The fact that Marthaler now staged this family tragedy as an entirely artificial alternative to directing the premiere also leads back to Shakespeare in a certain way. Reimann set an extract of the drama to music, practically the condensed, sober, brutal message in mostly hard cuts in quick succession. But through Marthaler’s well-known bizarre features, the grotesque, absurd, delusional Shakespeare’s are returned to the piece, so to speak, through the back door of the Natural History Museum. And there is also a stab of paralyzed nightmares. Here the caretaker in the smock, annoyed, puts the torn museum floor back in order; There the nasty daughters Goneril and Regan die and freeze while standing. They no longer need to be stuffed large for future presentation.

Marthaler’s staging is again a small treatise on behavior problems and oddball, unique and sad characters – just as it leaves the opera genre to a slightly dusty museum.

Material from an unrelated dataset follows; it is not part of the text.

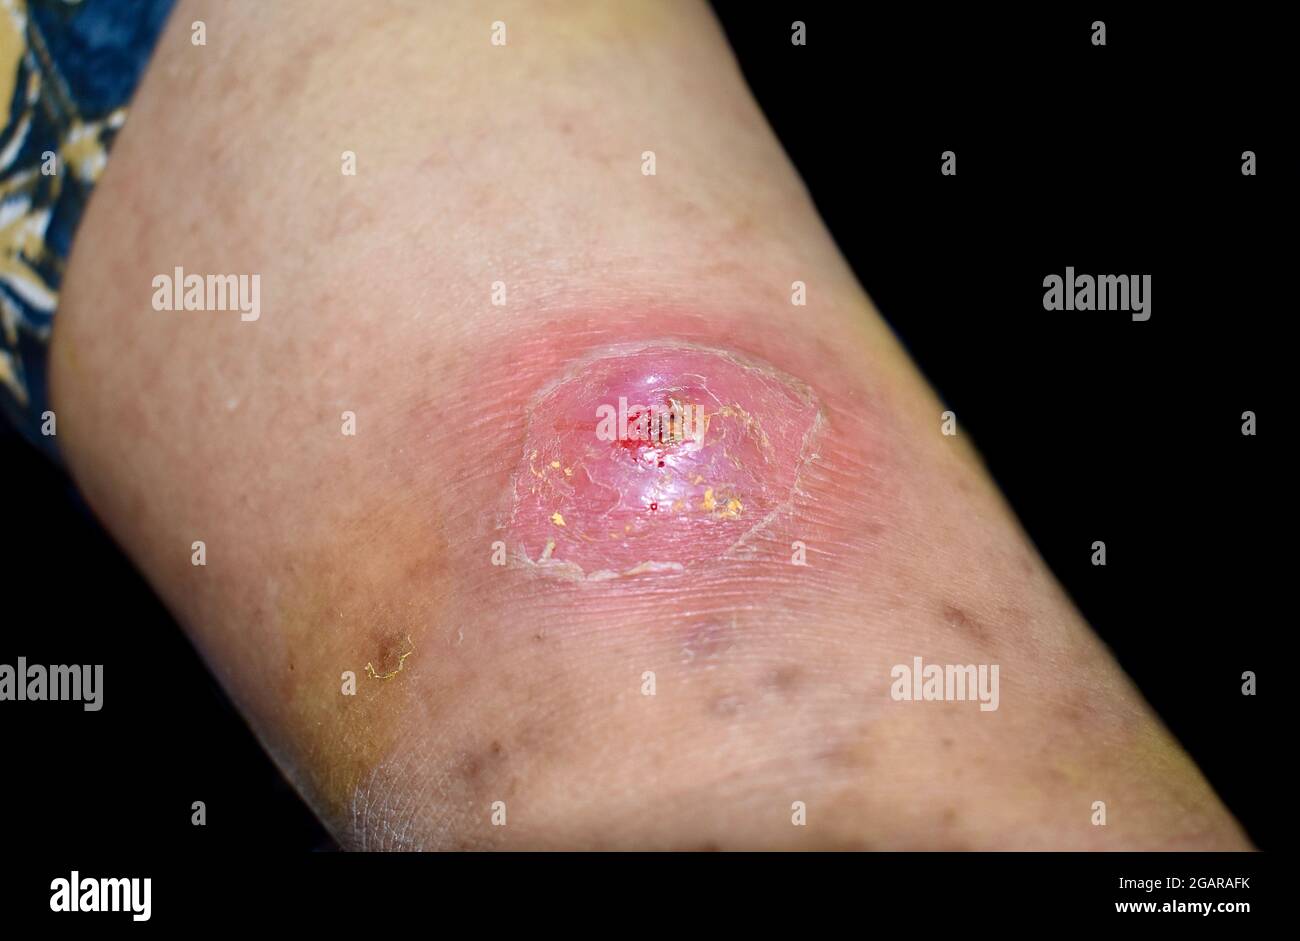 Abcès imminent avec cellulite environnante ou infection cutanée  staphylococcique/streptococcique dans la jambe droite du patient birman  asiatique. Vue latérale. Est Photo Stock - Alamy

The distance to the stage naturalism remains perceptible at all times – although this works better in the first part and towards the bad end than at the beginning of the second part, because the opening and spinning of transport boxes on rollers gives a little impression of scenic filling and embarrassment actions. All in all, however: a powerful alternative vision to the world premiere production.

“Lear” in Munich: Christian Gerhaher convinces with sound and intelligibility

In this Dietrich Fischer-Dieskau sang and played the Lear. It was only he who was able to get Reimann to compose. Christian Gerhaher is now his legitimate successor for several reasons, whom Artistic Director Nikolaus Bachler first had to gently push in to take over the role. Also because the two-and-a-half-hour work basically expects vocal boundaries to be crossed. You can sing against an orchestra detonating under high pressure.

But just as Marthaler domesticated tragedy in a certain way, so now – if the memory of the premiere is not deceptive – Jukka-Pekka Saraste domesticated the grandiose, violent score. Back then: a hurricane that thundered over everything. Now: gradation, differentiation of the state orchestra. Gerhaher with his maximum of sound with a maximum of text intelligibility will have had an impact on this. The daughters Goneril (Angela Denoke), Cordelia (Hanna-Elisabeth Müller) and Regan (Ausrine Stundyte) also have a strong voice. Commanded disturbingly the fool of Graham Valentine.